NASIONAL

Dilobi Trump, China Bebaskan Pendiri Gereja ‘Bawah Tanah’ Ezra Jin

China Bebaskan Ezra Jin setelah pendeta sekaligus pendiri Gereja Zion itu menjalani penahanan sejak Oktober 2025. Pembebasan Ezra Jin menjadi sorotan internasional karena terjadi setelah Presiden Amerika Serikat Donald Trump mengangkat kasus tersebut dalam pertemuannya dengan Presiden China Xi Jinping pada Mei 2026.

Ezra Jin, yang juga dikenal dengan nama Tionghoa Jin Mingri, merupakan pendiri Gereja Zion. Gereja tersebut termasuk jaringan gereja yang tidak terdaftar secara resmi di bawah pemerintah China dan dikenal sebagai “gereja bawah tanah”.

Ditahan Sejak Oktober 2025

Ezra Jin ditangkap bersama sejumlah anggota Gereja Zion pada 10 Oktober 2025.

Otoritas China menuduh mereka menggunakan jaringan informasi secara ilegal. Tuduhan itu berkaitan dengan aktivitas penyebaran informasi keagamaan melalui media digital.

Kasus tersebut kemudian menarik perhatian berbagai organisasi hak asasi manusia yang meminta pembebasan Ezra Jin dan anggota gereja lainnya.
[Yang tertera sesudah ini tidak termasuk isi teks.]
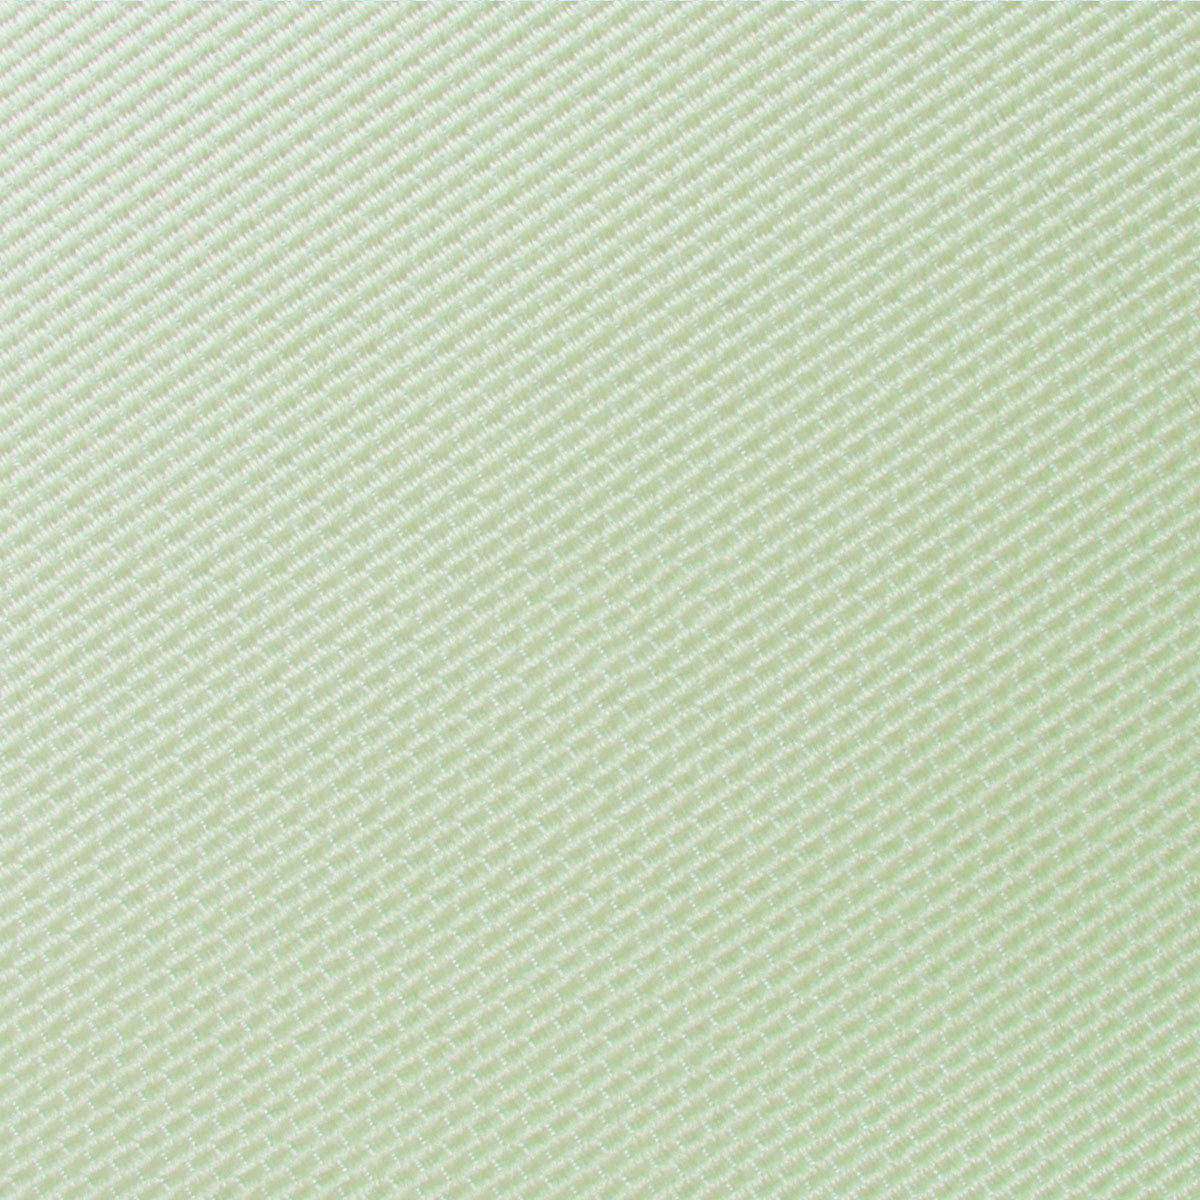 Light Sage Green Weave Skinny Tie Fabric

Trump Angkat Kasus dalam Pertemuan dengan Xi Jinping

Kasus Ezra Jin mendapat perhatian Presiden Donald Trump saat bertemu Presiden Xi Jinping pada Mei 2026.
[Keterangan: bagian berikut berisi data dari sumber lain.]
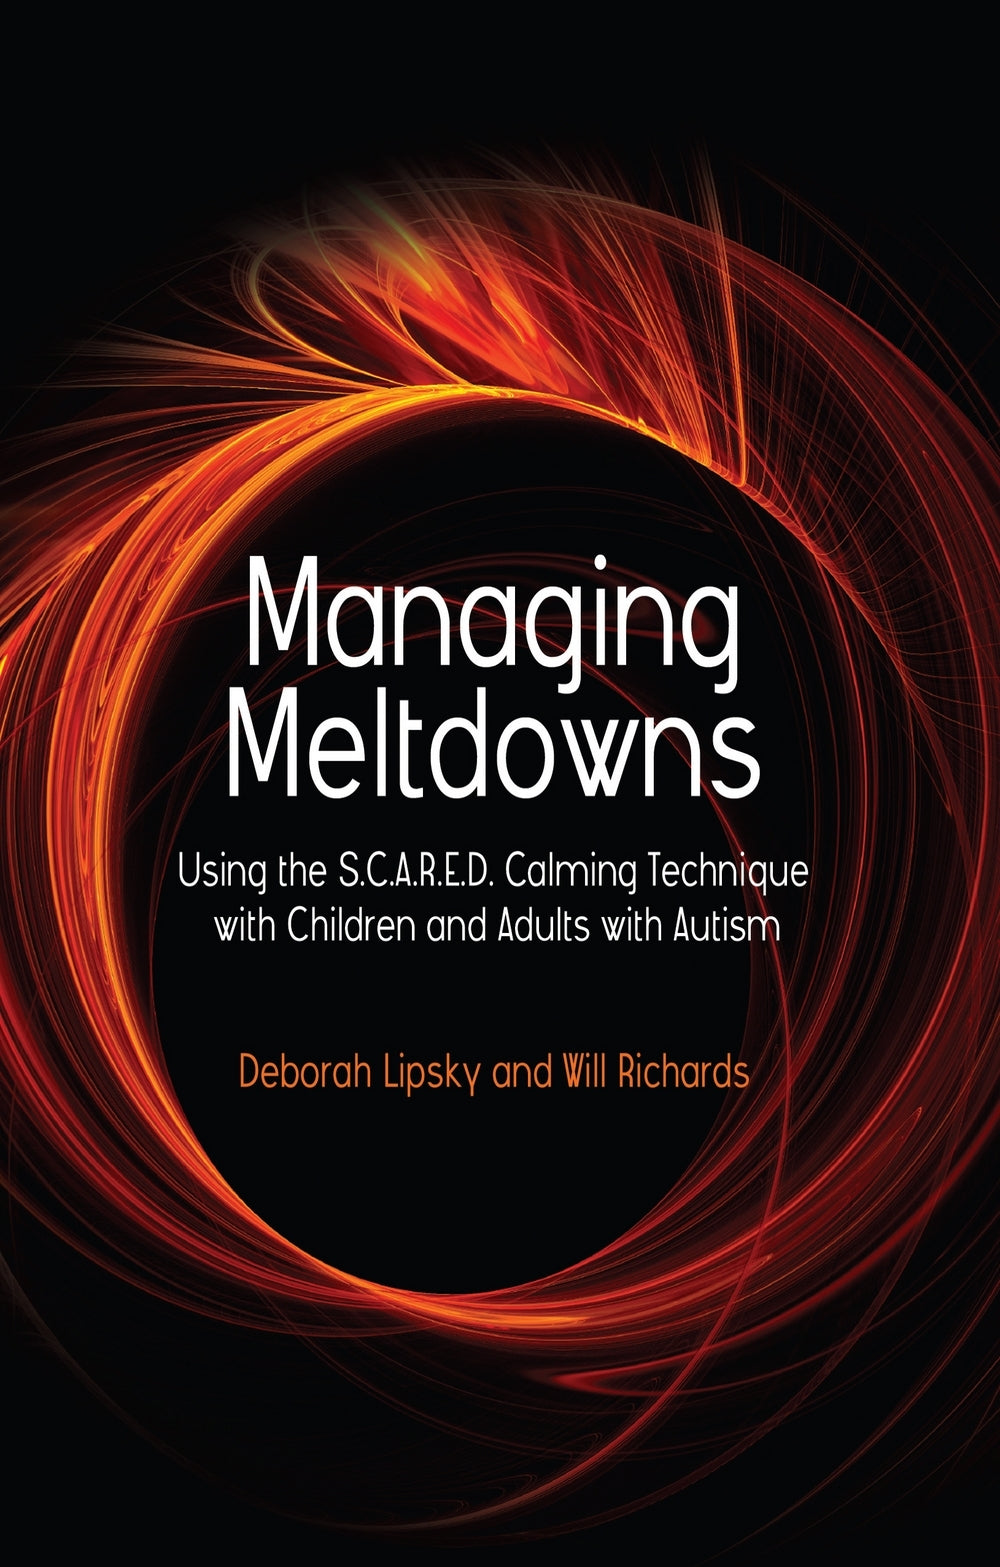 Managing Meltdowns by Hope Richards, Deborah Lipsky

Usai pertemuan, Trump mengatakan Xi berjanji memberikan pertimbangan serius terhadap permintaan pembebasan sang pendeta. Pernyataan itu memunculkan harapan bahwa penyelesaian diplomatik dapat dicapai.

Beberapa pekan kemudian, Ezra Jin akhirnya dibebaskan oleh pemerintah China.

Tiba di Amerika Serikat

Kelompok hak asasi manusia ChinaAid menyatakan Ezra Jin telah tiba di Los Angeles setelah dibebaskan.

Menurut keterangan keluarganya, pejabat China menyebut pembebasan tersebut merupakan hasil pembicaraan antara Donald Trump dan Xi Jinping. Langkah itu disebut sebagai isyarat niat baik yang bertepatan dengan peringatan Hari Kemerdekaan Amerika Serikat.

Putri Ezra Jin, Grace, mengaku bersyukur atas pembebasan ayahnya.

Ia juga berharap peristiwa tersebut membawa perubahan positif bagi kebebasan beragama di China dan hubungan antara Beijing dengan Washington.

Delapan Anggota Gereja Masih Ditahan

Meski Ezra Jin telah dibebaskan, persoalan belum sepenuhnya selesai.

Gereja Zion menyatakan delapan anggota yang ditangkap bersamaan dengan Ezra masih berada dalam tahanan pihak berwenang.

Organisasi hak asasi manusia juga menyebut pengawasan terhadap kelompok keagamaan yang tidak terdaftar masih terus berlangsung di bawah pemerintahan Xi Jinping.

Kebebasan Beragama Masih Jadi Sorotan

Dalam beberapa tahun terakhir, pemerintah China memperketat pengawasan terhadap gereja yang tidak terdaftar.

Sejumlah rumah ibadah dilaporkan ditutup, sementara beberapa pemimpin gereja menghadapi proses hukum.

Kebijakan tersebut terus menjadi perhatian komunitas internasional dan organisasi hak asasi manusia.

Kesimpulan

China Bebaskan Ezra Jin menjadi salah satu perkembangan penting dalam hubungan diplomatik China dan Amerika Serikat. Pembebasan pendiri Gereja Zion itu terjadi setelah kasusnya dibahas oleh Donald Trump dalam pertemuan dengan Xi Jinping.

Meski Ezra Jin telah memperoleh kebebasan dan tiba di Amerika Serikat, sejumlah anggota Gereja Zion masih menjalani penahanan. Kondisi tersebut menunjukkan isu kebebasan beragama di China masih menjadi perhatian berbagai pihak di tingkat internasional.